▶ **Information provided**:
= Beginning of Section =

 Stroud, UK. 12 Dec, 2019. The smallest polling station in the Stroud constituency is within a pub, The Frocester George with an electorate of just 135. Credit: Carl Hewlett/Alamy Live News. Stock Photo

= End of Section =
= Beginning of Section =

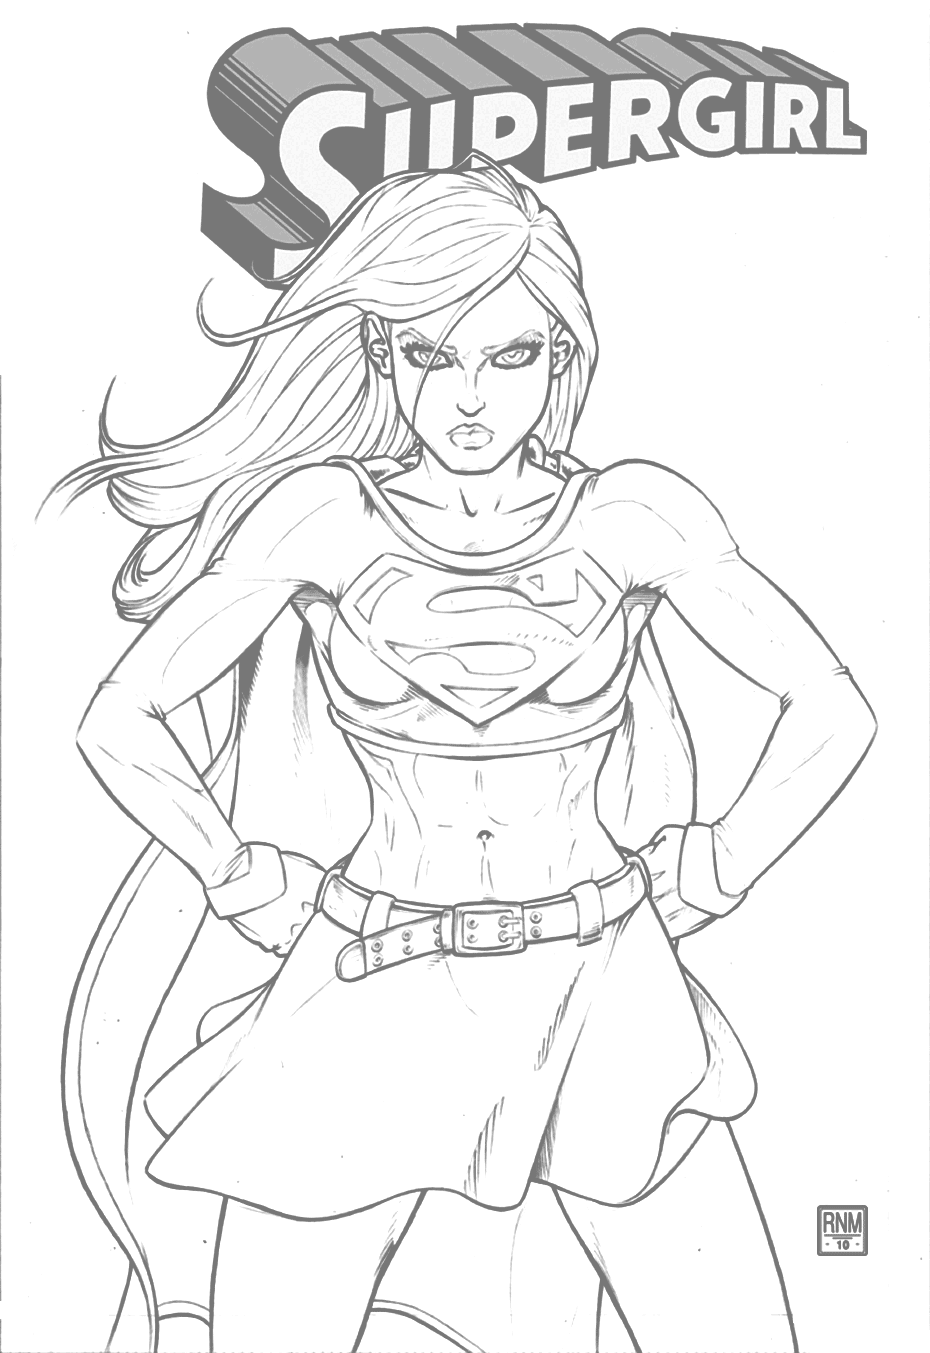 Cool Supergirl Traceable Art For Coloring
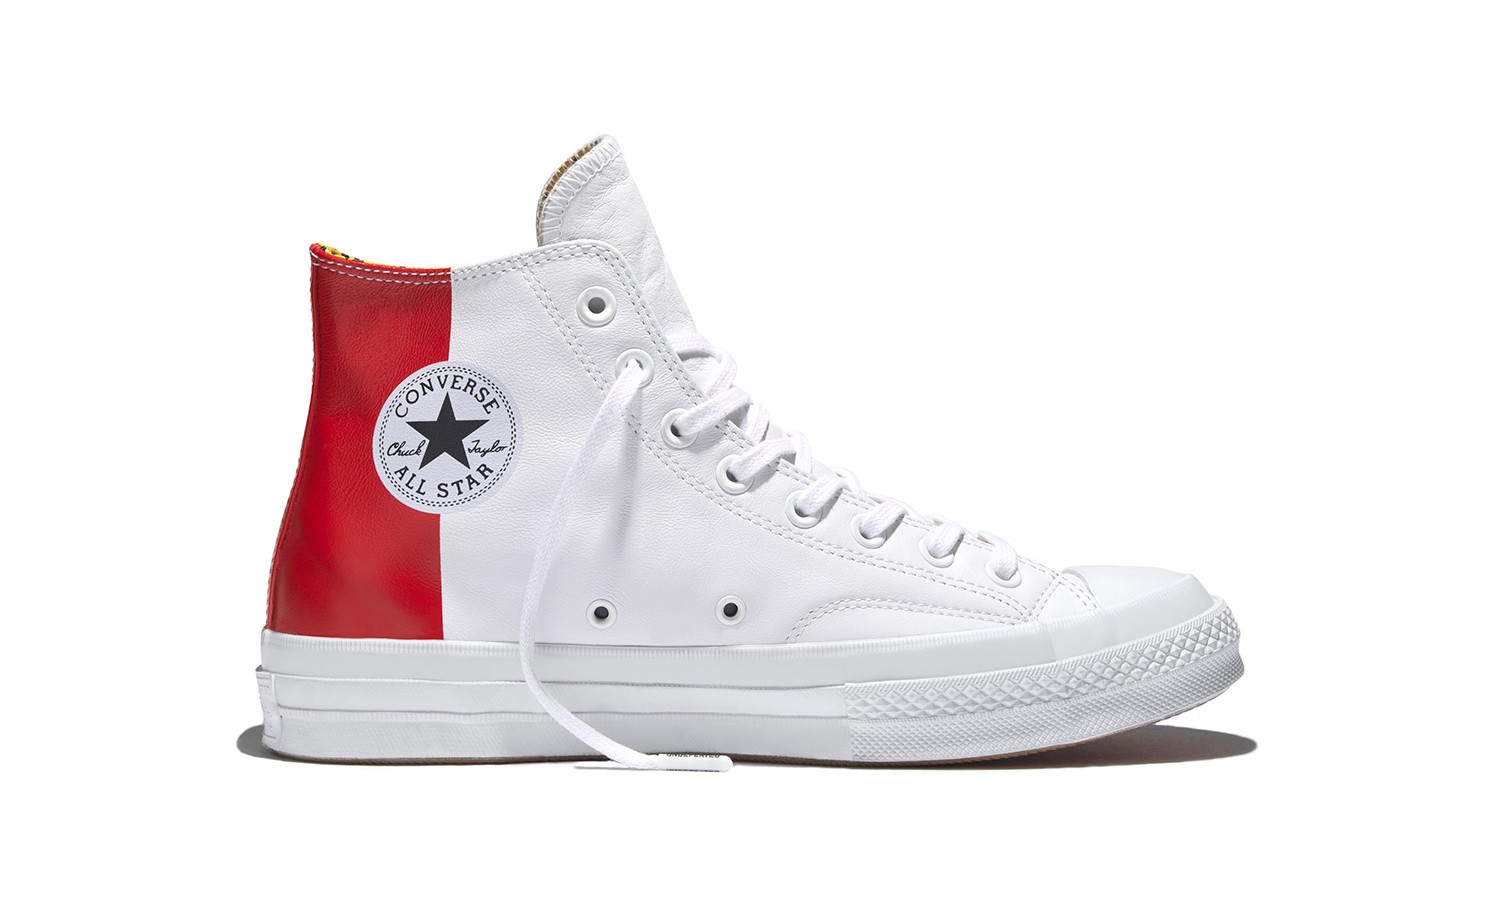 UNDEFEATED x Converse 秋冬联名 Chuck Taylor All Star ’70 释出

= End of Section =

▶ **Task to complete**: Range to copy from the listing above: the line containing "Cool Supergirl Traceable Art For Coloring" down to the line containing "UNDEFEATED x Converse", both included. Reproduce it exactly, minus the pictures, and add nothing.

▶ **Exercise result**:
 Cool Supergirl Traceable Art For Coloring
 UNDEFEATED x Converse 秋冬联名 Chuck Taylor All Star ’70 释出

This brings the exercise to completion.